In the face of her confusion and doubt the Angel Gabriel spoke these words: The Holy Spirit will come upon you and the power of the Most High will cover you with its shadow” (Luke 1:35). It is as if the angel were saying to her, “There is no need to be afraid. God will not leave you alone as you seek to respond to his call. Through the power of his Holy Spirit he will be with you to accompany you and strengthen you. What you cannot do on your own you will be able to do as long as you remain united to him”
It was Mary’s hearing and believing of these words, and their fulfilment in her life, which enabled her to give her “yes” to God in trusting faith. Her love for her Son Jesus was indeed expressed in her life-long fidelity to him, even to the point of standing at the foot of his cross as his own love for us was also demonstrated so clearly.

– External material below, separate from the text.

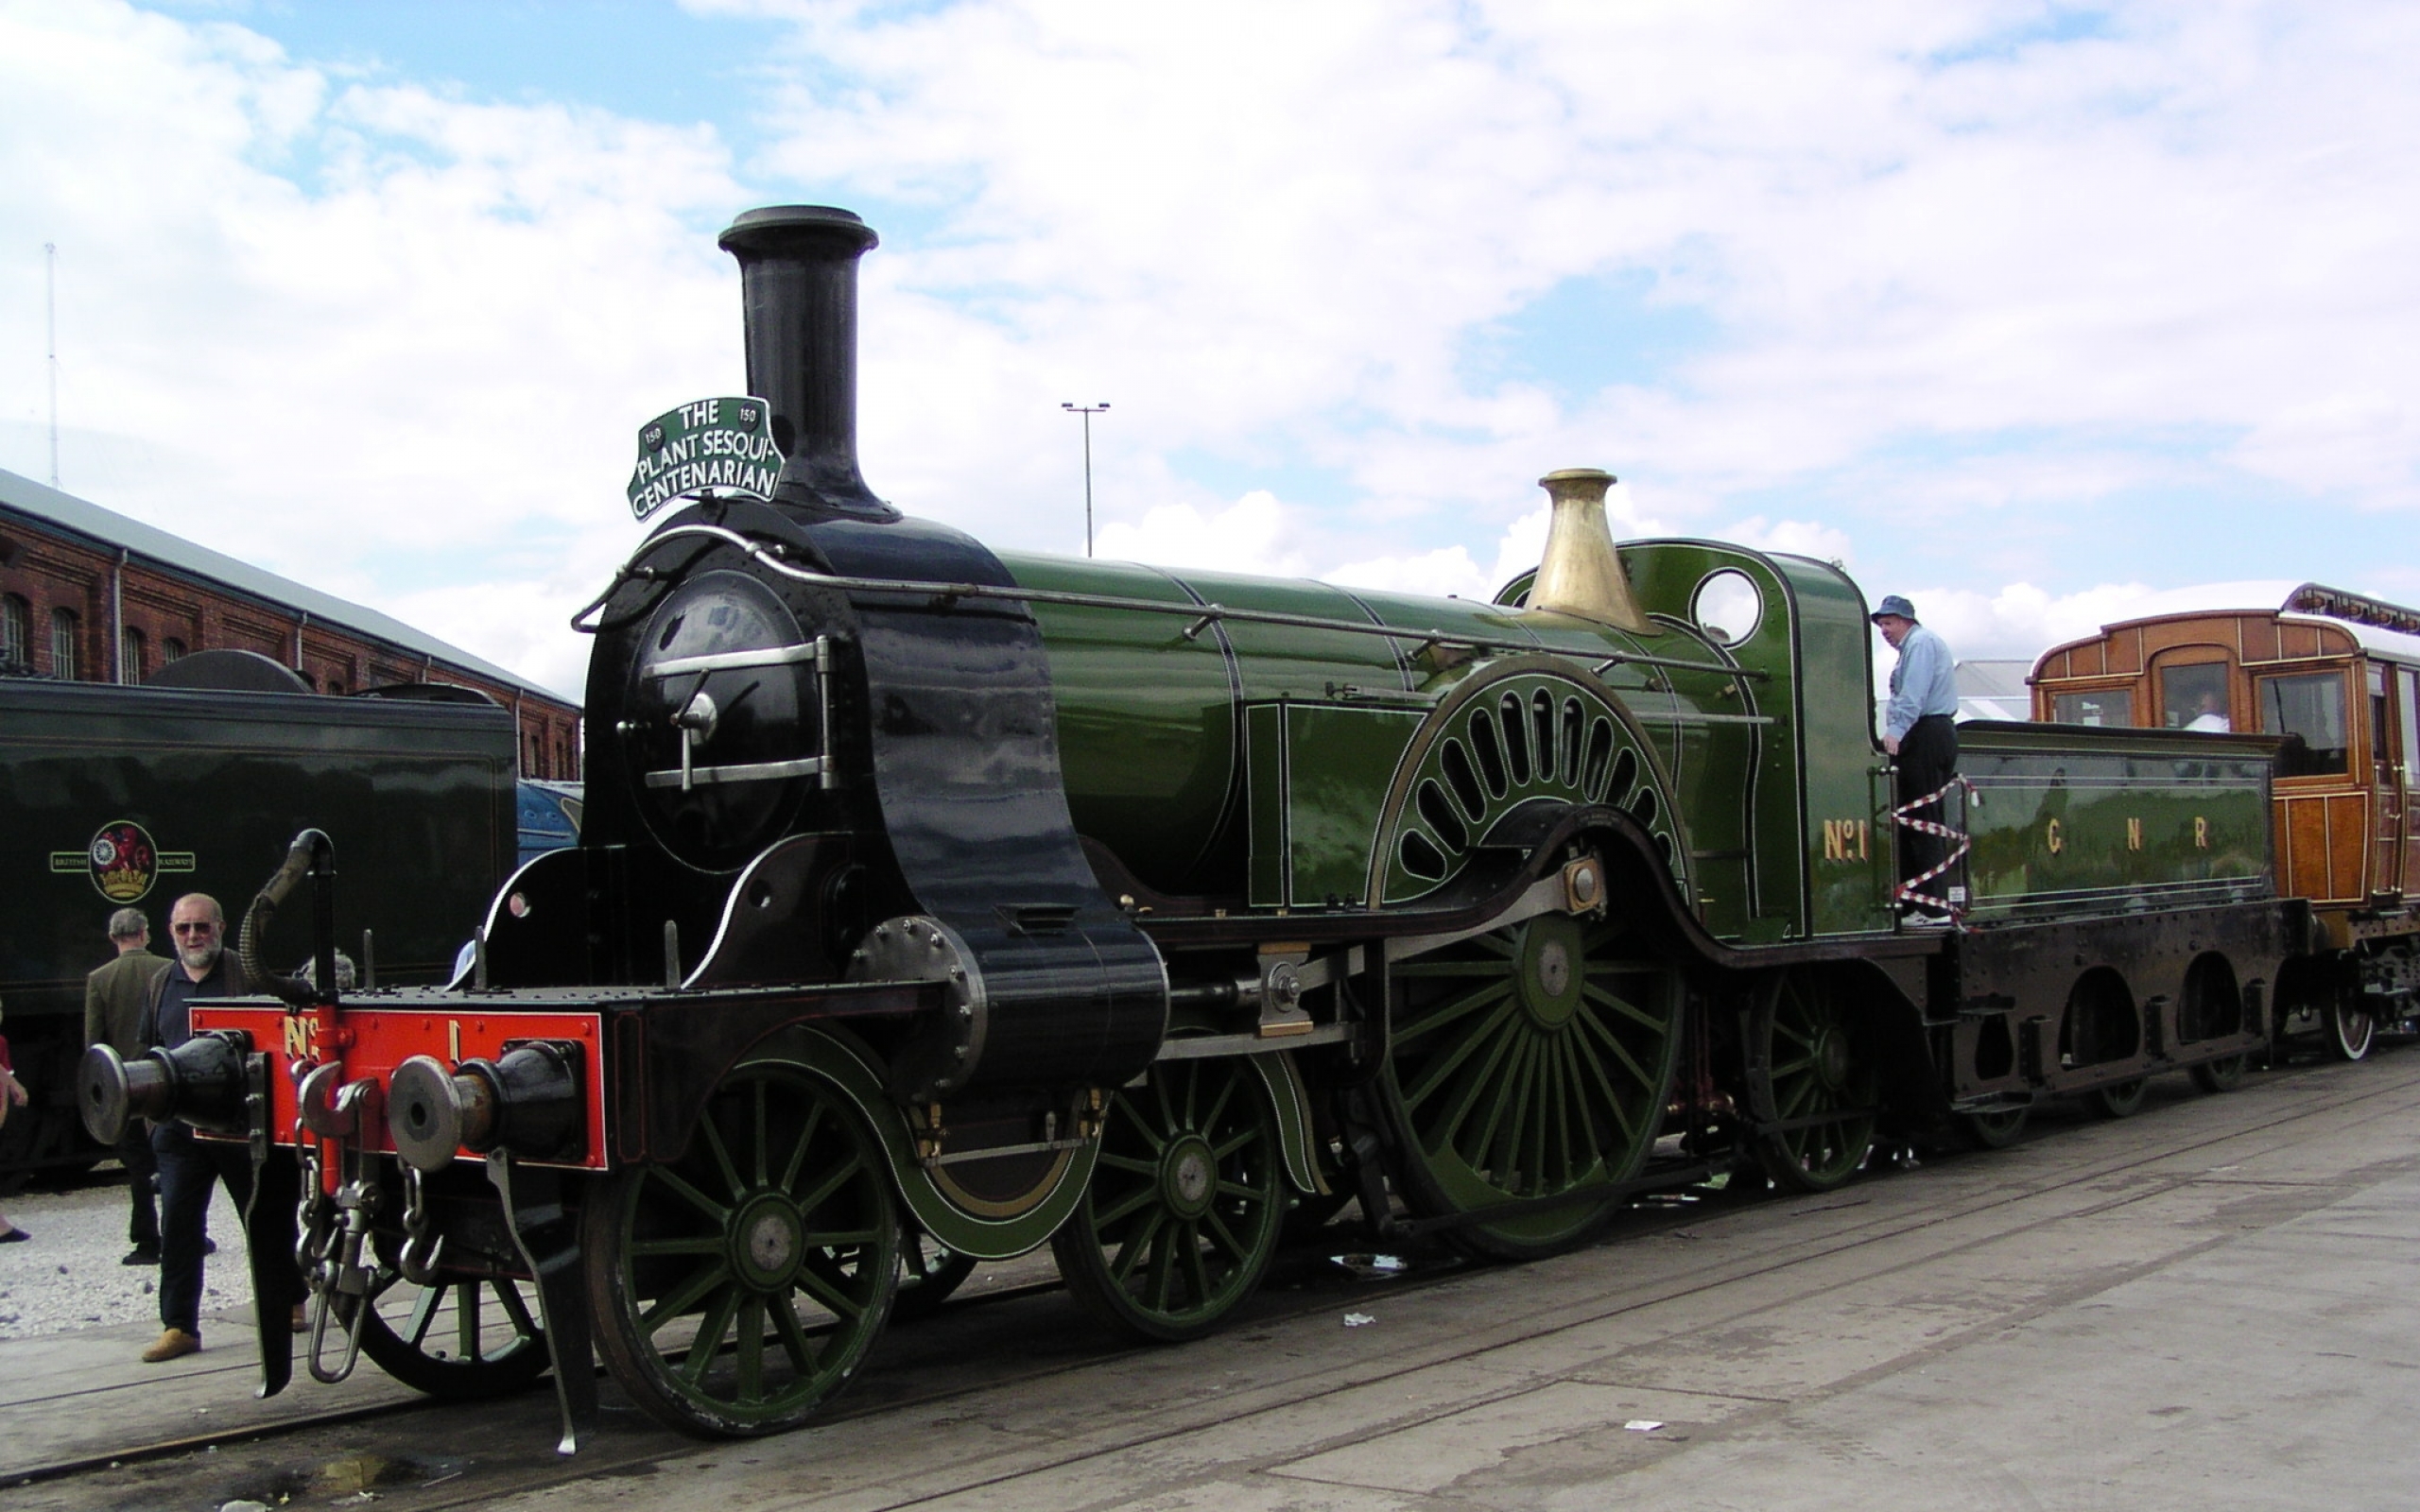 1 паровоз в мире. Паровоз GNR 4 2 2. Первый паровой Локомотив Великобритания. GNR Stirling 4-2-2. Паровозы Англии 19 века.

The gift of the Holy Spirit which Jesus promised in today’s Gospel, the gift which Mary received with such trusting faith, the gift we will recall and celebrate in two weeks’ time at Pentecost, is a gift we have already been given at our Baptism and at our Confirmation. It is a gift of power – the power to live as Jesus lived and to love as Jesus loved. It is a gift, a power, upon which we can call at any time. Perhaps more so now than at other times it is gift we really need to embrace as we confront all the challenges, big and small, which the COVID-19 pandemic puts before us.
Yes, God does ask great things of us and he constantly calls to us to keep walking along the path of fidelity. Fortunately, God is also our Good Shepherd. If we go astray he goes looking for us until he finds us and then he brings us home. If we get tired and dispirited, he lifts us on his shoulders and carries us along. Just as the angel said to Mary so the Lord says to us, “There is no need to be afraid, I am with you – so have courage, for I have called you by your name and you are mine.”